First batch of Geordie Mild is in the Corny and has been maturing for 4 weeks now. It still has that familiar twang/yeasty homebrew feel to it.
I know that there are a couple of things Ive done that I shouldnt really have. Firstly this kit has been sat in my roof for about 3 years, and was 2 years out of date

As Ive now been able to visit a homebrew shop , and for my next batch , have used an in date coopers ginger beer kit, and brew enhancer instead of sugar. This is now fermenting away nicely,and I cant wait to try it.

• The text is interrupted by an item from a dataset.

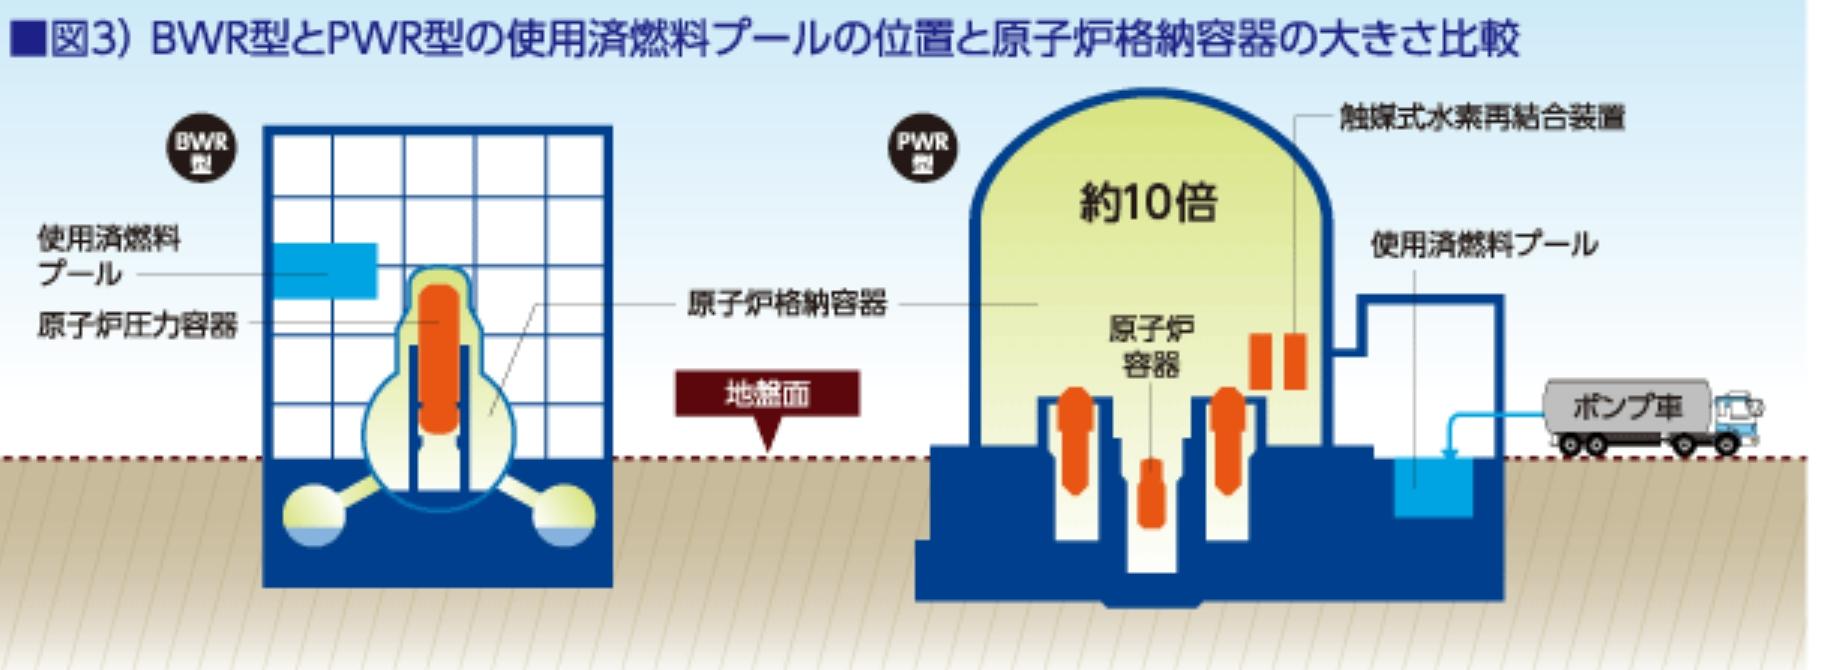 BWR型とPWR型原子炉格納容器

Im hoping that a longer maturing phase will help remove the homebrew taste, but Im not sure. Im currently using a 25L wine fermenter, as I can then just connect a pipe to the tap on the front and easily transfer to a pressure barrel. The plan is to leave it in the fermenter for a week, then in the barrel for 4 weeks, and then when its ready to drink, transfer to a corny keg, so that I can control the Co2 getting in easier, and ensure that it lasts long enough without going off. It also means as I have a couple of barrels I can be fermenting 1 batch, maturing 2 batches, and drinking a third at my leisure.
My main question is how long should I leave a kit to mature. Is 4 weeks enough? and what else can I do to help reduce or remove this homebrew taste.
Also, it turns out I didnt properly clean out one of the barrels when I put it in the roof, and after 3 years of drying on, the dirt is proving quite hard to remove. Any tips on cleaning out pressure barrels would also be appreciated, Ive left it overnight with VWP in and that took a lot off, but its still not 100% clean, and the top opening is too narrow to get your hand in, and the "barrel brush" I've got is no use to man nor beast!